Motilal Oswal on NTPC: NTPC’s plan to build a large coal-to-synthetic natural gas (SNG) facility could open a new chapter in how India’s biggest power generator uses its coal reserves and runs its gas-based plants.
According to Motilal Oswal, the proposed 5-10 million tonnes per annum coal-to-SNG plant marks a strategic pivot that could improve plant load factors (PLFs), boost energy security, and potentially create new revenue streams. Yet, the brokerage remains cautious, citing execution challenges and limited valuation upside in its green energy arm.
NTPC currently operates 4GW of gas-fired capacity, about 5 per cent of its total installed base. However, utilisation of these assets has historically been weak, with Plant Load Factor (PLFs) ranging from 1.76 per cent to 23.79 per cent across FY23-FY25, averaging just 7.73 per cent. A dedicated supply of SNG could help run these plants more flexibly, particularly during peak demand, thereby aiding grid stability.
With the project expected to take four to five years from conceptualisation to commissioning, NTPC intends to use high-ash coal sourced from its captive mines, reducing dependence on volatile imported LNG.
The strategic rationale extends beyond operational benefits, analysts noted. Producing SNG from domestic coal strengthens energy security by shielding NTPC from global LNG price swings.
India’s policy thrust targets 100 million tonnes of coal gasification by 2030, supported by abundant domestic coal reserves of around 300 billion tonnes. The Ministry of Coal has approved ₹8,500 crore in incentives across three project categories, ranging from large PSU-led proposals to smaller, demonstration-scale plants. Additional support includes a 50 per cent revenue-share rebate for coal used in gasification at upcoming commercial coal auctions.

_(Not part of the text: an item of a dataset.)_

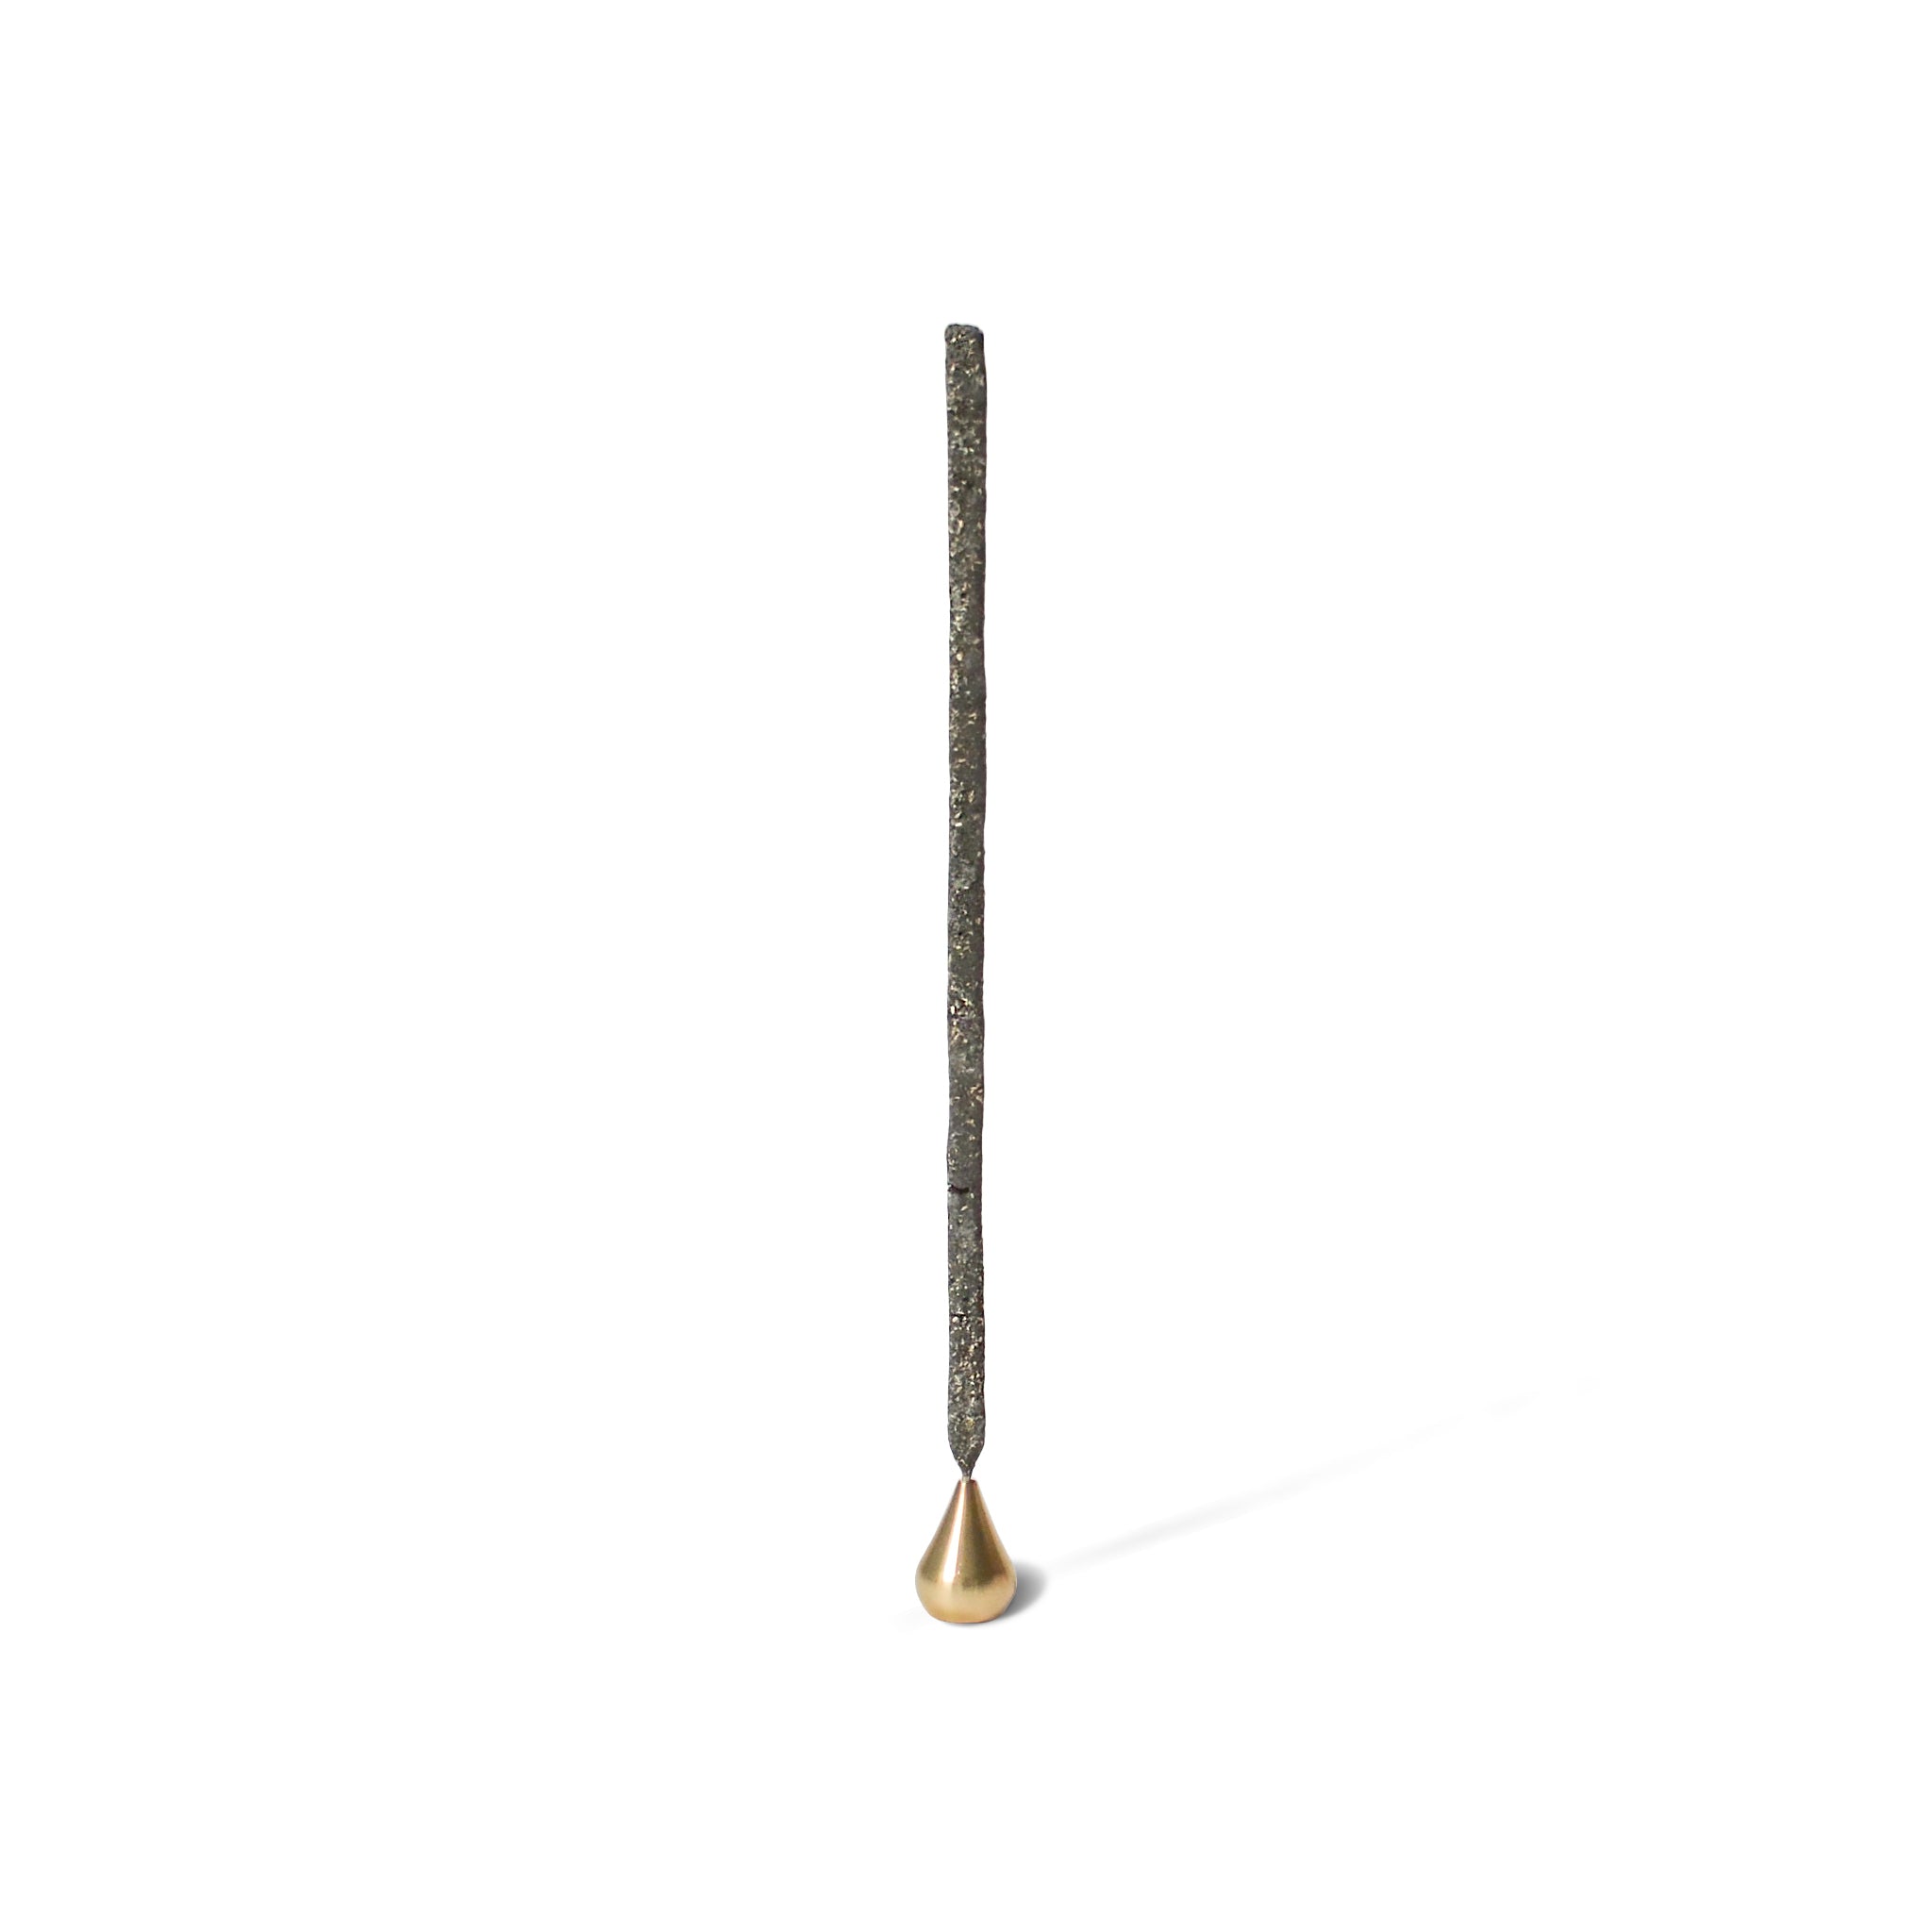 copal incense stick with incense holder with a tall brass waterdrop

NTPC’s research arm, NETRA, is leading the project under the company’s broader ‘Greening the Coal’ strategy, which covers coal gasification, carbon capture, and cleaner thermal technologies. Based on internal estimates, producing SNG would cost about $10-12 per mmBtu, broadly competitive with current spot LNG prices.
However, Motilal Oswal noted that the global gas market is heading toward oversupply, with LNG export capacity set to expand sharply between CY26 and CY28. Since many long-term gas contracts are linked to crude prices, and crude itself faces oversupply pressures, imported LNG could become cheaper in the years ahead, posing an economic risk to SNG economics.
Beyond power generation, the coal-to-gas pathway opens doors to value-added applications. Surplus SNG can feed sectors such as petrochemicals and fertilisers, major consumers of gas in India. Gasification also produces syngas, which can be further processed into methanol and downstream petrochemicals such as ethylene, propylene, and acetic acid. India imports roughly 95 per cent of its methanol and 15 per cent of its urea demand, suggesting room for domestic substitution even though NTPC itself is not present in these businesses.
Globally, coal gasification is especially prominent in China, where the coal-to-chemicals sector consumes about 200 million tonnes of coal annually. This contributes roughly 90 per cent of the country’s ammonia and 70 per cent of its methanol output. While Western gasification technologies are typically designed for low-ash coal (around 25 per cent), India’s high-ash reserves, often above 40 per cent, necessitate local technology development, which NTPC and its R&D arm are pursuing.
ALSO READ | Why is JM Financial upbeat on Belrise Industries? Starts coverage with Buy Other public sector entities are also moving into coal gasification. Coal India, for example, has proposed investing around ₹2,000 crore in a coal-to-SNG project in West Bengal’s Sonepur Bazari area, in partnership with GAIL. The estimated capex for this project is ₹13,050 crore, following a 70:30 debt-equity structure, with Coal India holding a 51 per cent stake.
While Motilal Oswal views NTPC’s long-term strategic direction positively, it remains wary of near-term execution risks, particularly at NTPC Green Energy Ltd (NGEL). The brokerage sees limited room for valuation rerating in NGEL, which contributes about 15 per cent to its sum-of-parts (SoTP) valuation.
NTPC’s ambitious capacity-expansion roadmap, to reach 244GW by 2037 with additions of 9.8GW, 9.6GW, and 10.5GW over FY26-FY28, also carries execution uncertainty.
The brokerage reiterated its ‘Neutral’ rating to the
NTPC stock, with a target price of ₹370. Its SoTP valuation assigns ₹201 to NTPC’s standalone, coal, and other businesses (based on 2x Dec’27E P/B), ₹18 to other subsidiaries, and ₹45 to joint ventures and associates. The NGEL stake is valued at a 25 per cent discount to its current market price, reflecting constrained rerating potential.
Therefore, analysts at Motilal Oswal concluded that while the coal-to-SNG initiative could boost NTPC’s operational flexibility and open new revenue opportunities, the long gestation, execution challenges and global gas-market dynamics temper its near-term investment appeal.
Disclaimer: Target price and stock/sector outlook has been suggested by Motilal Oswal. Views expressed are their own.